De là, les volontaires allaient soit à la gare d’Austerlitz ou à la gare de Lyon (pour le transport par voie maritime).

La gare d’Austerlitz

Le départ des volontaires

C’était la gare la plus utilisée par les volontaires. Les deux autres étaient la Gare d’Orsay (mais les trains faisaient alors un arrêt à la gare d’Austerlitz) et la Gare de Lyon (utilisée pour le transport par voie maritime)

Les premiers départs « officieux » ont lieu en octobre.

Certains donnent lieu à de véritables manifestations :

« Il fait nuit noire lorsque nous arrivons à la gare d’Austerlitz. Le hall, les quais éclairés sont bondés. Il y a là plus de 2.000 volontaires en partance, les membres des familles, les amis, les délégués du PCF et des organisations antifascistes  venus prendre congé de ces hommes « levés avant le jour » qui forcent l’admiration.

Emue, intimidée, je reste collée à mon père qui nous fraie un chemin à travers la foule. Nous nous dirigeons vers le stand d’accueil signalé par une banderole HONNEUR AUX COMBATTANTS DE LA LIBERTE flanquée de deux drapeaux, l’un rouge et l’autre tricolore.

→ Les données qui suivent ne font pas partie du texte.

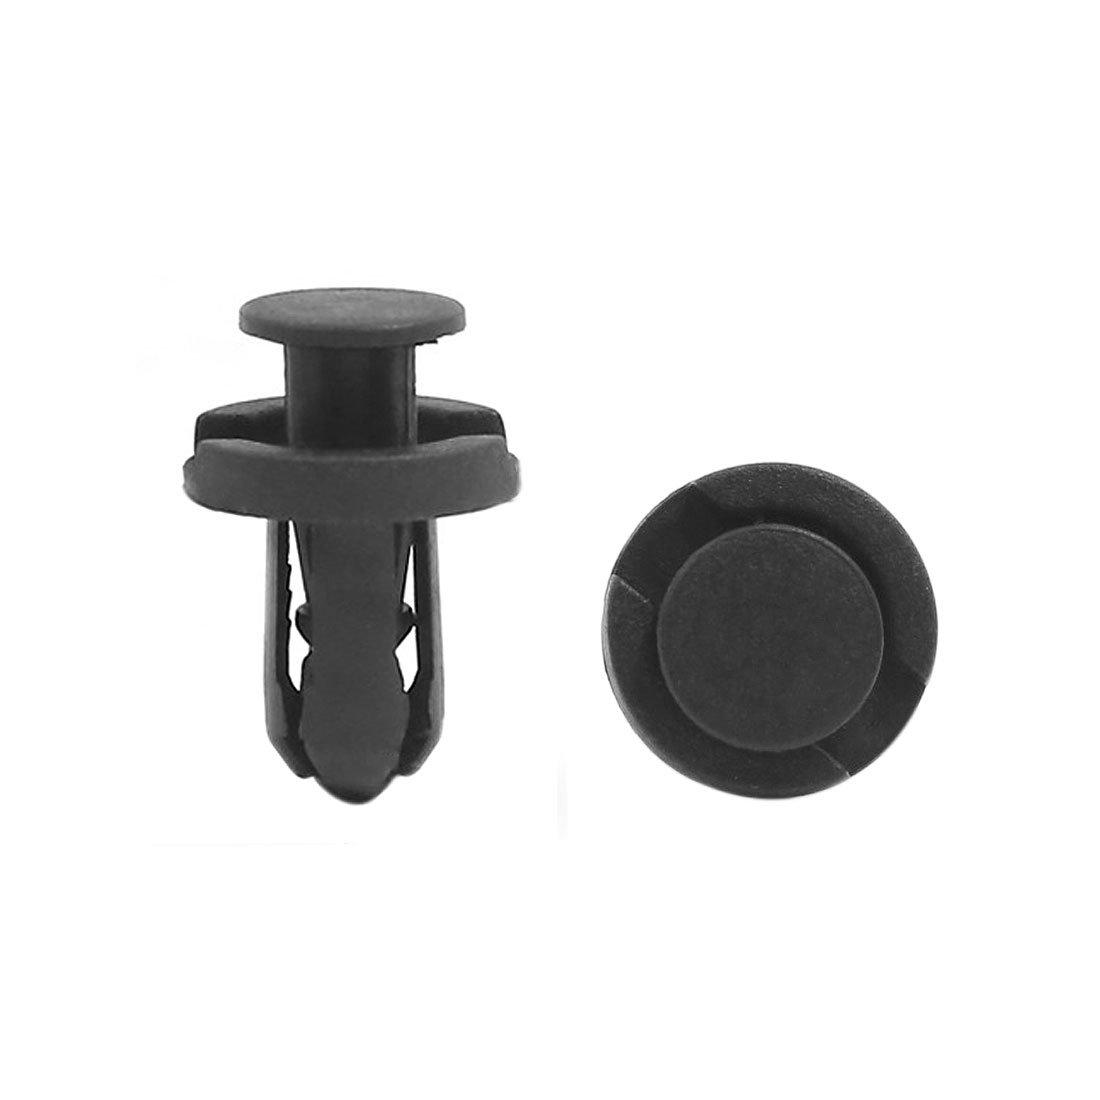 Sourcing map Sourcingmap® 100pcs 10mm Plastique Trou Bumper Clips Panneau Garniture Fermeture Clip Noir a16062100ux0309

Un groupe de responsables du parti, des collaborateurs de Maurice Tréand, entourent Maurice Thorez et Victor Michaut, qui tous deux ont un frère volontaire dans ce convoi.

Il ya également Maurice Lampe, secrétaire de Paris du PC, lui aussi volontaire, promu responsable du convoi. Marthe Desrumeaux, dite  Martha, secrétaire du syndicat du textile, grande amie de jeannette, est aussi là : elle accompagne le groupe des volontaires du Nord et du Pas-de- Calais jusqu’à Barcelone. » 

Lise London, « le printemps des Camarades », p248

Peu à peu, les départs se feront de plus en plus discrets, car les députés français vont interdire l’entrée de volontaires en Espagne,  mais le train « 77 » qui partait tous les soirs était connu  comme «  le train des volontaires » (Castells, p64).

Le retour des volontaires

Après la décision de Negrín de retirer les volontaires d’Espagne, ceux-ci sont regroupés dans des centres en vue de leur rapatriement. Ceux-ci commencent  à arriver à partir de la mi-septembre.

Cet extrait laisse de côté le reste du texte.